In a tweet, Altman said that OpenAI will continue to operate in Europe and the company does not have any plans to leave.
“Very productive week of conversations in Europe about how to best regulate AI! we are excited to continue to operate here and of course have no plans to leave,” the CEO tweeted.

Altman, at an event in London earlier this week, said that OpenAI will try to comply with the regulation in Europe before considering pulling out of the region.
“The current draft of the EU AI Act would be over-regulating, but we have heard it’s going to get pulled back. They are still talking about it,” he noted.

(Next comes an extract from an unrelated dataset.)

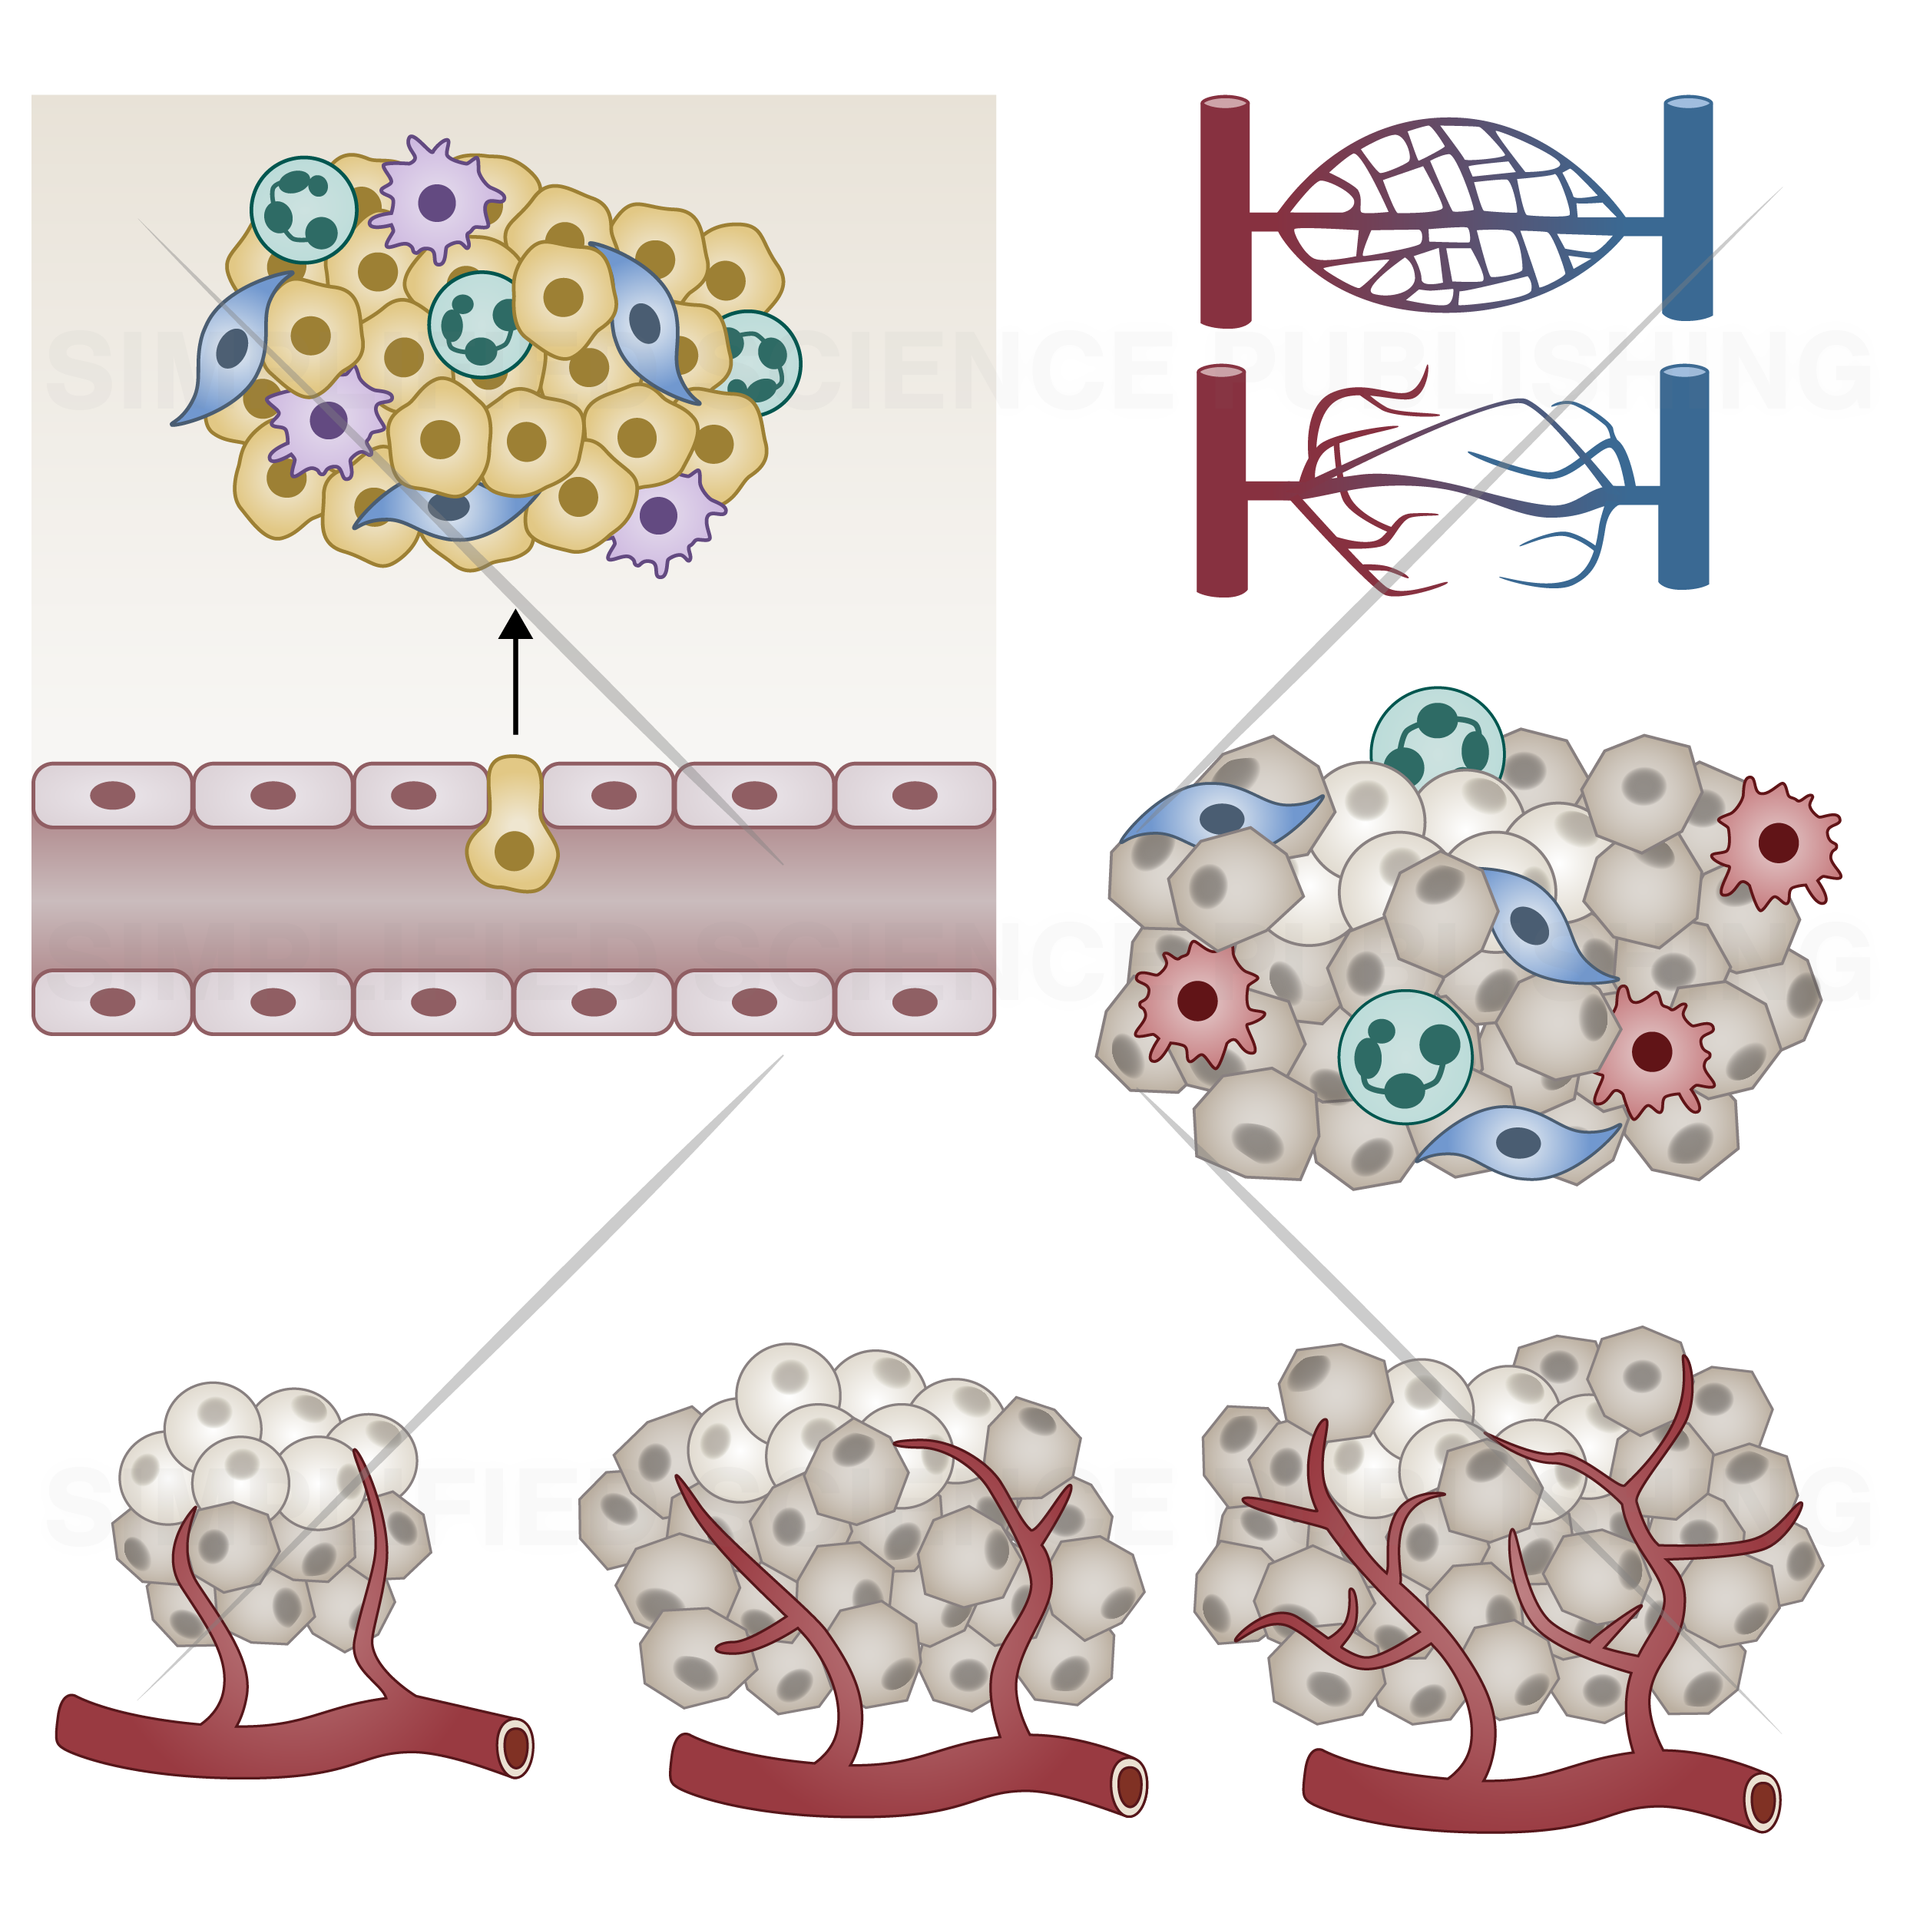 Cancer Cell Drawings and Templates
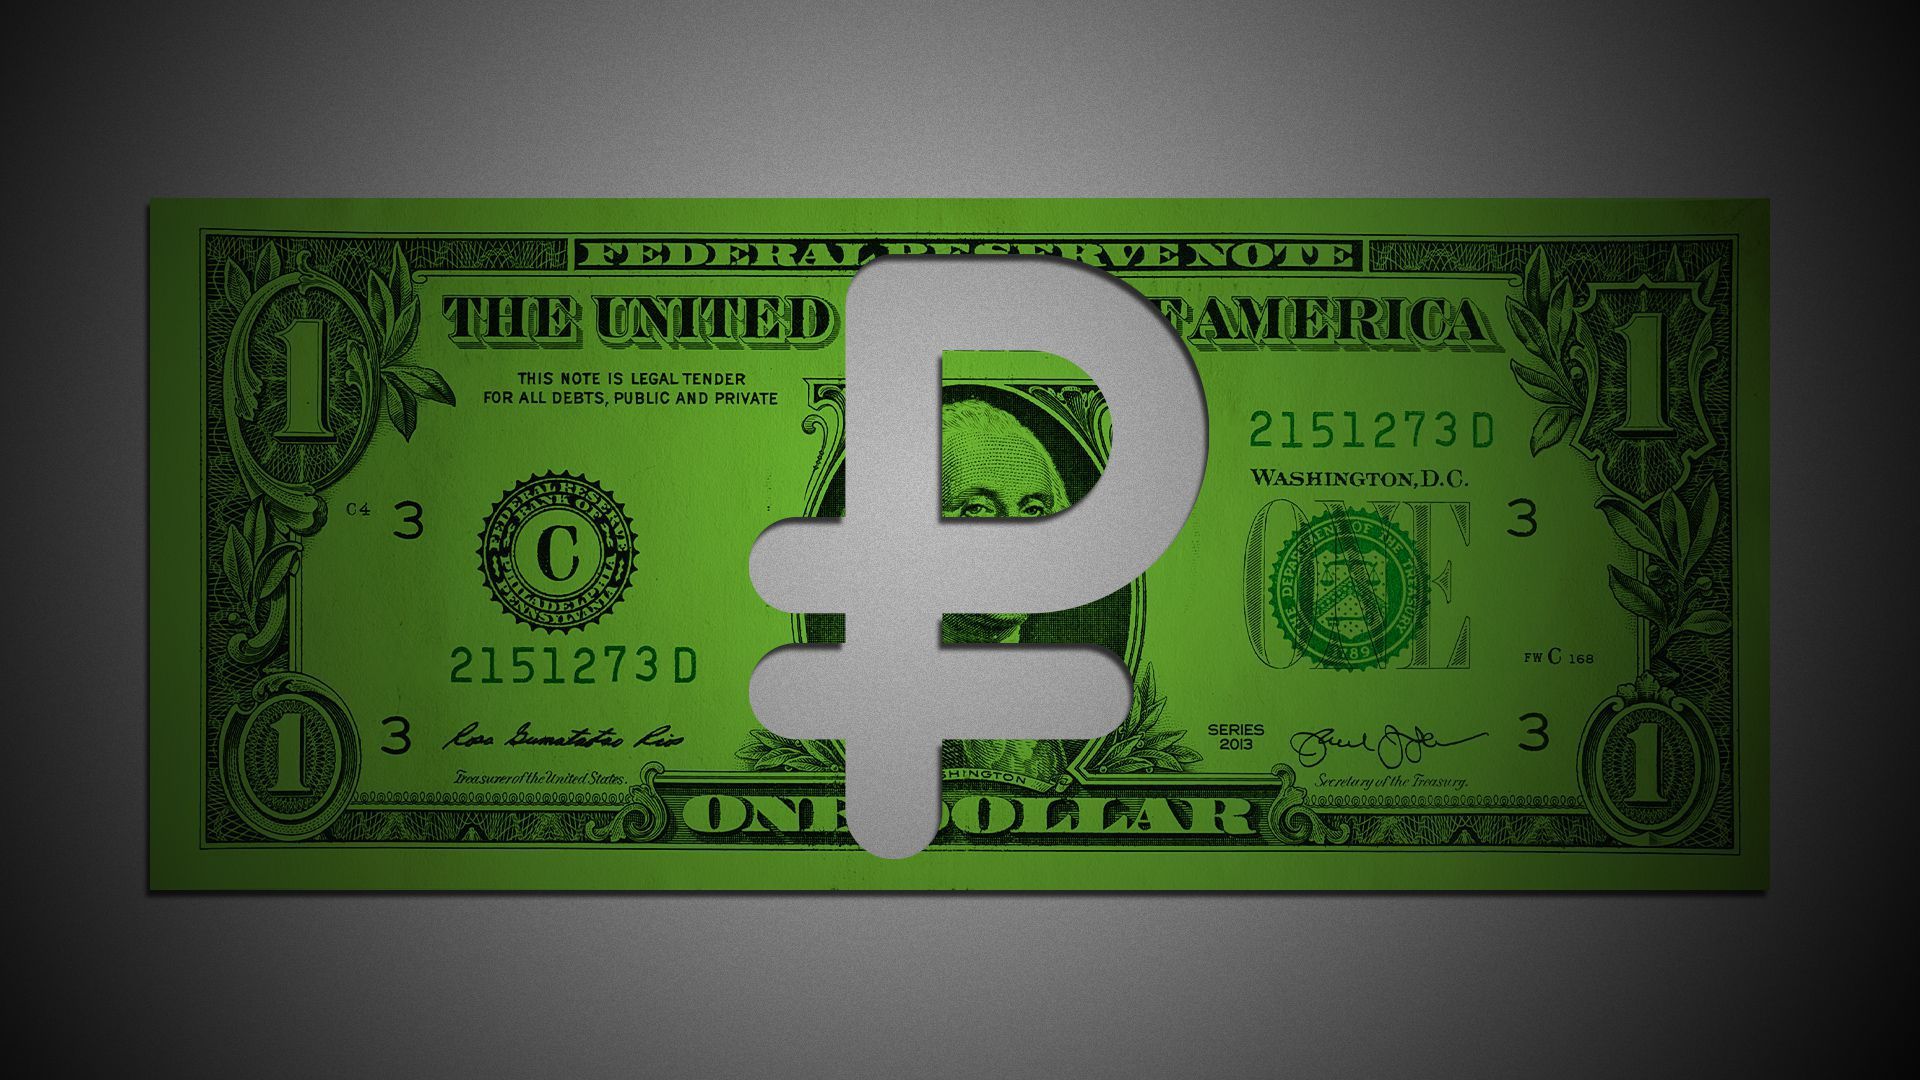 Illustration of the ruble sign over a dollar bill

Alman said that there are multiple areas that could be subject to modification. He claimed that there is a lot of room for improvement and adjustment in the proposed regulations.
“There’s so much they could do like changing the definition of general-purpose AI systems. There’s a lot of things that could be done,” he added.

EU AI regulations
The EU is already working on the rules to govern AI. Under these regulations, companies that deploy generative AI tools, like ChatGPT and Google’s Bard, will have to disclose any copyrighted material that has been used to develop their systems.
Earlier this month, EU officials reached a consensus on the draft of the bill and it will be debated by the representatives of the Parliament, the Council and the Commission to finalise the details to make it a law.
Recently, Google CEO Sundar Pichai also met with European Commission officials over AI regulation. He agreed to work with lawmakers in Europe on an “AI Pact” which is said to be a stop-gap set of voluntary rules or standards for AI development.